Tennessee Cities Are Dominating The List of Emerging Tech Metros

The Volunteer State is home to two hot emerging tech markets, buoyed by the state's pro-business reputation and talent pipeline.

Tennessee is home to a number of emerging tech markets, with Nashville showing a 190 basis point decline in vacancy in the second quarter and Knoxville clocking in with a decline of 150 bps, according to an analysis from Moody’s Analytics CRE.

The firm’s David Caputo and Thomas LaSalvia note that overall, “emerging tech market office vacancy continued their excellent run of form in the second quarter and vastly outperformed established tech markets,” with emerging locations showing a decrease of an aggregate 20 basis points in Q2 while established ones increased by 20 bps. The national average increased by 30 points.  And among those emerging markets, cities in the Volunteer State were big standouts.

Nashville in particular “has much of what is needed to compete on the national stage,” Caputo and LaSalvia say. The city had some of the best overall office stats in the nation in Q2, with office vacancy decreasing by 190 basis points and asking rents increasing by 0.4%. The region is located in a low-cost-of-living state, and Nashville is “very much on the radar of skilled labor looking to move from more expensive coastal locations, as no state income tax and relatively low single and multifamily home prices continue to be attractive,” they write. Diversity is also a strength for the market, as 23% of tech workers in Nashville are people of color (comparatively, San Francisco is only 8%). And the city’s healthcare industry generated $84 billion in global revenue, making it a “magnet” to healthcare tech startups.

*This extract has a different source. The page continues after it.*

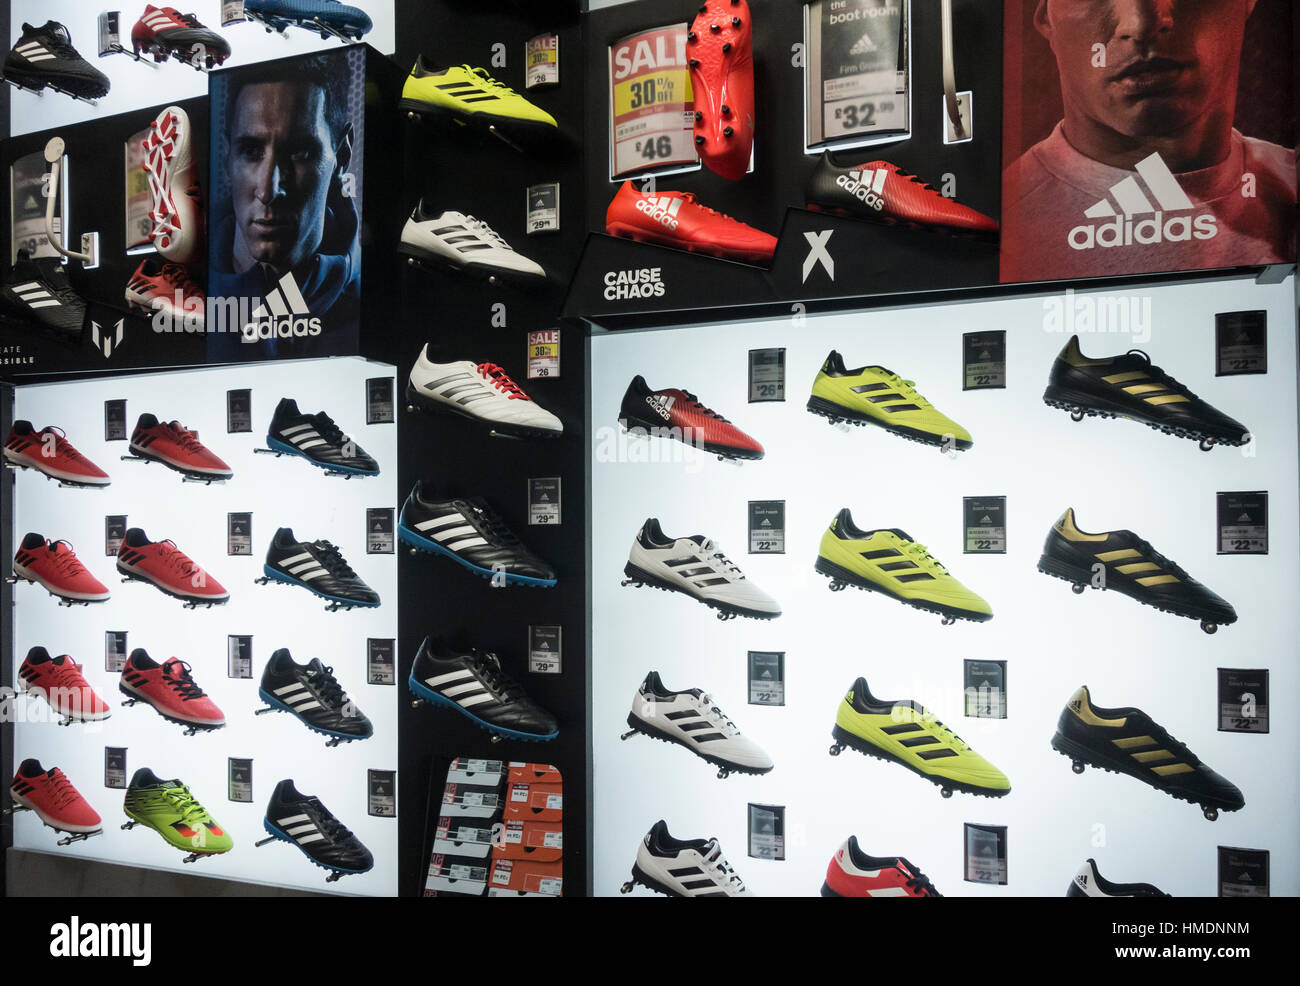 adidas football boots sale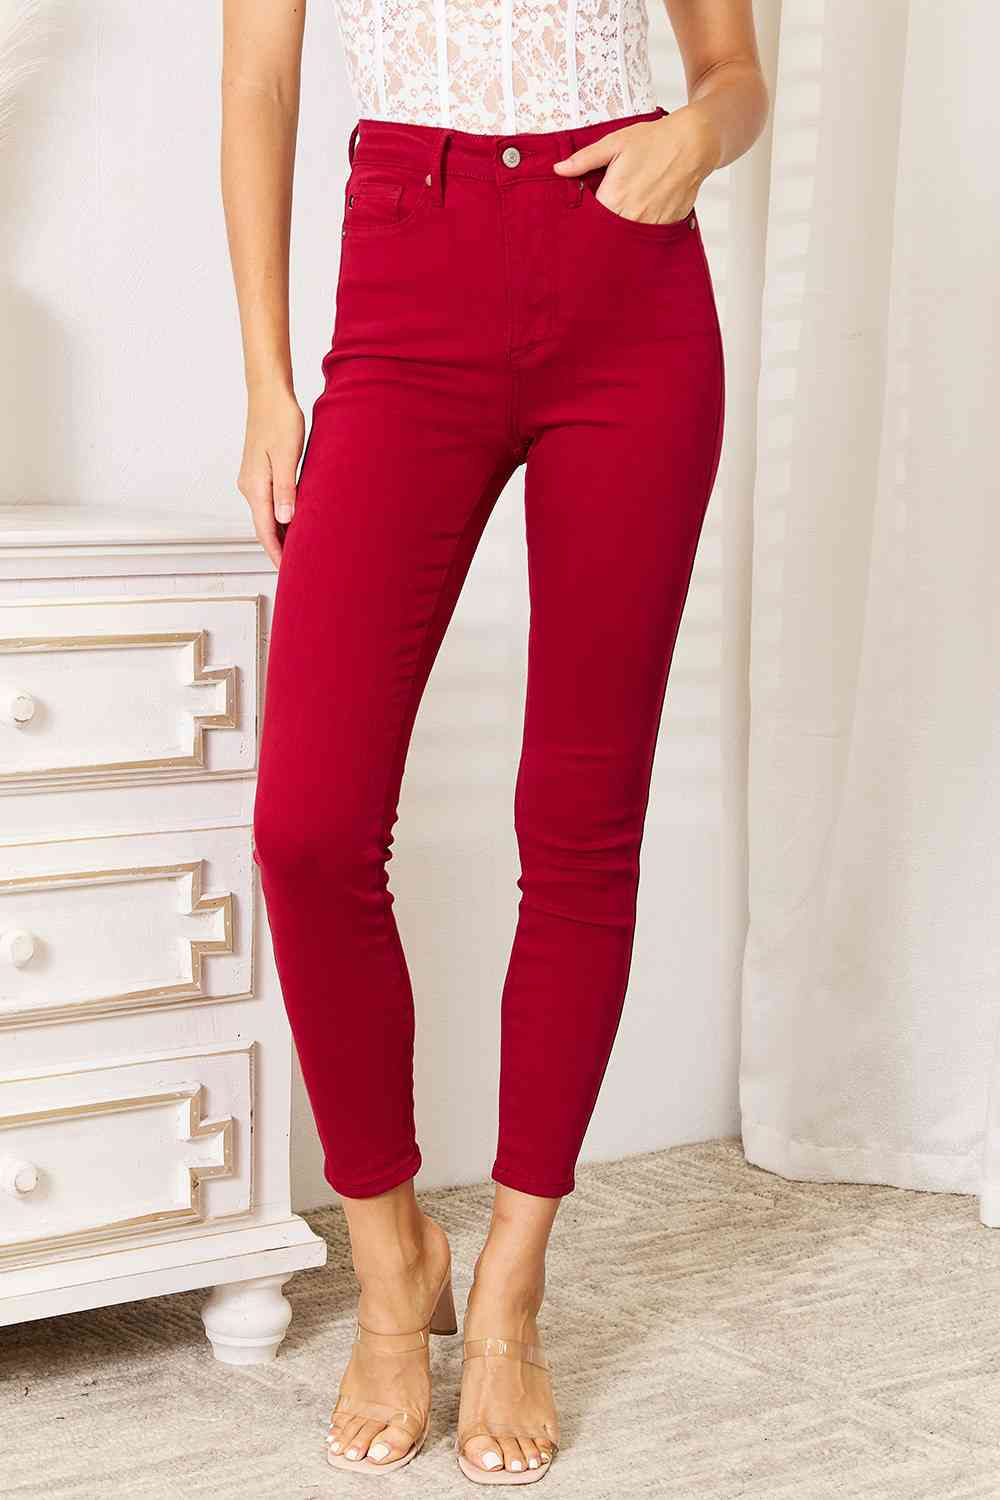 Judy Blue Scarlet High Waist Tummy Control Skinny Jeans Red High Waist Tummy Control Jeans by Vim&Vigor | Vim&Vigor Boutique

On the vacancy front, emerging markets Nashville and Knoxville were followed by Baltimore (-60 bps vacancy change), Atlanta (-50 bps change) and Lexington (-50 bps).

Caputo and LaSalvia have engaged in extensive research on emerging tech markets in the aftermath of the pandemic: an analysis from the pair earlier this year found that “generally, a well-managed company in a great location understands the tug-of-war between efficiency gains from remaining in an established cluster and the increasing cost of business to stay there.”

“Concentrations of labor, intermediate input and information sharing are classic examples of efficiency gains when in an established market,” the pair said. “The high tenant demand tends to increase both rent levels and wages particularly in areas with limited buildable land. If costs overshadow benefits, firms will look elsewhere and likely land in cheaper spots, but with fewer benefits, particularly human capital or skill.”